__How to complete this task__: Your task is to reproduce exactly the lines that run from the beginning of the data through the line where "NEW For MSI" appears.

__Recorded information__:
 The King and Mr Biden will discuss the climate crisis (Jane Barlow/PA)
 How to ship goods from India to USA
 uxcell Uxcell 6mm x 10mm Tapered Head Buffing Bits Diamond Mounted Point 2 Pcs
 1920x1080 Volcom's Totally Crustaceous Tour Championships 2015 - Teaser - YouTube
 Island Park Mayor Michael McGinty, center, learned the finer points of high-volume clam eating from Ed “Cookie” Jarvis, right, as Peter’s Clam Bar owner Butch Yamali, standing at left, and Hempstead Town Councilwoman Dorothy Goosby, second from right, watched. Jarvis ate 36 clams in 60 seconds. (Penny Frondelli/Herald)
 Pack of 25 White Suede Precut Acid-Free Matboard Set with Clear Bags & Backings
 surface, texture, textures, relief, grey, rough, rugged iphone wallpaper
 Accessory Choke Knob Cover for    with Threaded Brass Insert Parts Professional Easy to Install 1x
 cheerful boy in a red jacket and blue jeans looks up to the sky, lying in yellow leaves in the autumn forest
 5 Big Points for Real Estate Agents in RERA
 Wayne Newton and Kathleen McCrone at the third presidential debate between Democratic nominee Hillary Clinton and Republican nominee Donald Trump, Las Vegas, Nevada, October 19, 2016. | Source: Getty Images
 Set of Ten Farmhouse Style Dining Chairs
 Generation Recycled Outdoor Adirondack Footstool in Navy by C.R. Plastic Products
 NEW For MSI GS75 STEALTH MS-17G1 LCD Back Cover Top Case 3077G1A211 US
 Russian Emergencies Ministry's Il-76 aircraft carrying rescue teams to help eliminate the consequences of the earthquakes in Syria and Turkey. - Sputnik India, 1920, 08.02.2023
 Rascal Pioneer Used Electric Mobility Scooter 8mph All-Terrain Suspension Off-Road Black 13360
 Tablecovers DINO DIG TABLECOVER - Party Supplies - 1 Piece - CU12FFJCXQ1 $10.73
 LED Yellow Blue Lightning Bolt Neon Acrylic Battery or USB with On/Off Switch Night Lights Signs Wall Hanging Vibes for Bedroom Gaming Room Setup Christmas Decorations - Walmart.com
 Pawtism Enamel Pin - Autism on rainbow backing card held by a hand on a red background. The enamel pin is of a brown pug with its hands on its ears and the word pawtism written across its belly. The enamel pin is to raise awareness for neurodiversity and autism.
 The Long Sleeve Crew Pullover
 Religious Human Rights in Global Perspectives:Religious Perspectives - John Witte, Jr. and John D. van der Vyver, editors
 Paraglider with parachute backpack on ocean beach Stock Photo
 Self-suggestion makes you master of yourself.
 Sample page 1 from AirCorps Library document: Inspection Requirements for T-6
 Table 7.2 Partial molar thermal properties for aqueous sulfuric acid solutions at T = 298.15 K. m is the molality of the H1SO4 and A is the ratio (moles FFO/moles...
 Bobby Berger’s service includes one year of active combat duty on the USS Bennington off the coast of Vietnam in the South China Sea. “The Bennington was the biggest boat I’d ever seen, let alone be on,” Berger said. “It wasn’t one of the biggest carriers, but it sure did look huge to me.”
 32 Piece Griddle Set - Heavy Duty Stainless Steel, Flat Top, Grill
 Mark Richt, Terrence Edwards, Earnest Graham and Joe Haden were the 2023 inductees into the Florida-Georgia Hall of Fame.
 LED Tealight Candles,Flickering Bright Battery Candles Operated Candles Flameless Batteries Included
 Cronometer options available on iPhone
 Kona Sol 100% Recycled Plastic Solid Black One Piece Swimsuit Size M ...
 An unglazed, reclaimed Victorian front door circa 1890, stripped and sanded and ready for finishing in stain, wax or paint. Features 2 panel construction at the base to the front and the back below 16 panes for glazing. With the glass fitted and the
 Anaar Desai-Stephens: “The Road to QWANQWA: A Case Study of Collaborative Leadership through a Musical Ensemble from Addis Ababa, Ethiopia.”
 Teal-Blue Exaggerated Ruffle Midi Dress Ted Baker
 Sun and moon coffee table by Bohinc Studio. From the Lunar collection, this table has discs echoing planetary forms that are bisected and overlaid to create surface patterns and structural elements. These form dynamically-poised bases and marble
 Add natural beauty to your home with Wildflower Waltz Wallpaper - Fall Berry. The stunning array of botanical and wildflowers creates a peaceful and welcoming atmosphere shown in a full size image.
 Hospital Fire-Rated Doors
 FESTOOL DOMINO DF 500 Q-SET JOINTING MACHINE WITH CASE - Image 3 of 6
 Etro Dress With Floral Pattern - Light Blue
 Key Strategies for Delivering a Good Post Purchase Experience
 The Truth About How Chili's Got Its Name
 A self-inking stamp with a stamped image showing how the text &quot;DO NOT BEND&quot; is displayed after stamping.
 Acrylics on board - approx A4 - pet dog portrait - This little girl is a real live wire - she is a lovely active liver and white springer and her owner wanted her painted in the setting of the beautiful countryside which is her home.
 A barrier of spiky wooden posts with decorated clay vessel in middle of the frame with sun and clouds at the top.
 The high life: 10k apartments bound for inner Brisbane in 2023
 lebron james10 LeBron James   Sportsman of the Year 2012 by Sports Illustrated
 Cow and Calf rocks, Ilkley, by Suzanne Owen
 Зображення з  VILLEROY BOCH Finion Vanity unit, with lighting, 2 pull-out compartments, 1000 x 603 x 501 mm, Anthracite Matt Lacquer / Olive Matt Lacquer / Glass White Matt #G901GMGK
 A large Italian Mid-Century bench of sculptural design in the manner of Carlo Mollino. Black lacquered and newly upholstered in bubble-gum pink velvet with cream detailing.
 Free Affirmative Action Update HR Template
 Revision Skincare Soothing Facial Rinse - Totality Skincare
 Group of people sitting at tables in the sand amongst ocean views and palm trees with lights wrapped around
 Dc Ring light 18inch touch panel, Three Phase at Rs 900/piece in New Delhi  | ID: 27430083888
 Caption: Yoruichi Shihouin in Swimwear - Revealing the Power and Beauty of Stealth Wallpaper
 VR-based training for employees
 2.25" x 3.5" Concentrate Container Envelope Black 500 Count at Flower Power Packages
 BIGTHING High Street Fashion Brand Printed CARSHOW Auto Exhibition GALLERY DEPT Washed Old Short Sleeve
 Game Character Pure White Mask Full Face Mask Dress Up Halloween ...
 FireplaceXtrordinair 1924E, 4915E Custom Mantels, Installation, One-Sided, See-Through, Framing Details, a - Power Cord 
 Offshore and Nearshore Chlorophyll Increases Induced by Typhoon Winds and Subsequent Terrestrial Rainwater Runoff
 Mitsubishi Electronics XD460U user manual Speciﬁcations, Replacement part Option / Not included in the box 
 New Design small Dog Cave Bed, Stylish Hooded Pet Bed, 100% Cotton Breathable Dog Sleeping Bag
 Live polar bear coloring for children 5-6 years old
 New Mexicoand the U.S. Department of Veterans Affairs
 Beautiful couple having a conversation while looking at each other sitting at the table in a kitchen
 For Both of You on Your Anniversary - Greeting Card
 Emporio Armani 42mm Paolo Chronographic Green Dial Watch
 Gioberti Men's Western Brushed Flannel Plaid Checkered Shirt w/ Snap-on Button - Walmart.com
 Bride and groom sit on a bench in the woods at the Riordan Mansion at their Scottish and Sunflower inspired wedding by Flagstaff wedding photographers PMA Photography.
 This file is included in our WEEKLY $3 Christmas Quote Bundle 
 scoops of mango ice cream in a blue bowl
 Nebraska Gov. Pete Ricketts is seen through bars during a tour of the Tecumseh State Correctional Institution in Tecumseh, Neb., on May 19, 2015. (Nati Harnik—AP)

__Response below__:
 The King and Mr Biden will discuss the climate crisis (Jane Barlow/PA)
 How to ship goods from India to USA
 uxcell Uxcell 6mm x 10mm Tapered Head Buffing Bits Diamond Mounted Point 2 Pcs
 1920x1080 Volcom's Totally Crustaceous Tour Championships 2015 - Teaser - YouTube
 Island Park Mayor Michael McGinty, center, learned the finer points of high-volume clam eating from Ed “Cookie” Jarvis, right, as Peter’s Clam Bar owner Butch Yamali, standing at left, and Hempstead Town Councilwoman Dorothy Goosby, second from right, watched. Jarvis ate 36 clams in 60 seconds. (Penny Frondelli/Herald)
 Pack of 25 White Suede Precut Acid-Free Matboard Set with Clear Bags & Backings
 surface, texture, textures, relief, grey, rough, rugged iphone wallpaper
 Accessory Choke Knob Cover for    with Threaded Brass Insert Parts Professional Easy to Install 1x
 cheerful boy in a red jacket and blue jeans looks up to the sky, lying in yellow leaves in the autumn forest
 5 Big Points for Real Estate Agents in RERA
 Wayne Newton and Kathleen McCrone at the third presidential debate between Democratic nominee Hillary Clinton and Republican nominee Donald Trump, Las Vegas, Nevada, October 19, 2016. | Source: Getty Images
 Set of Ten Farmhouse Style Dining Chairs
 Generation Recycled Outdoor Adirondack Footstool in Navy by C.R. Plastic Products
 NEW For MSI GS75 STEALTH MS-17G1 LCD Back Cover Top Case 3077G1A211 US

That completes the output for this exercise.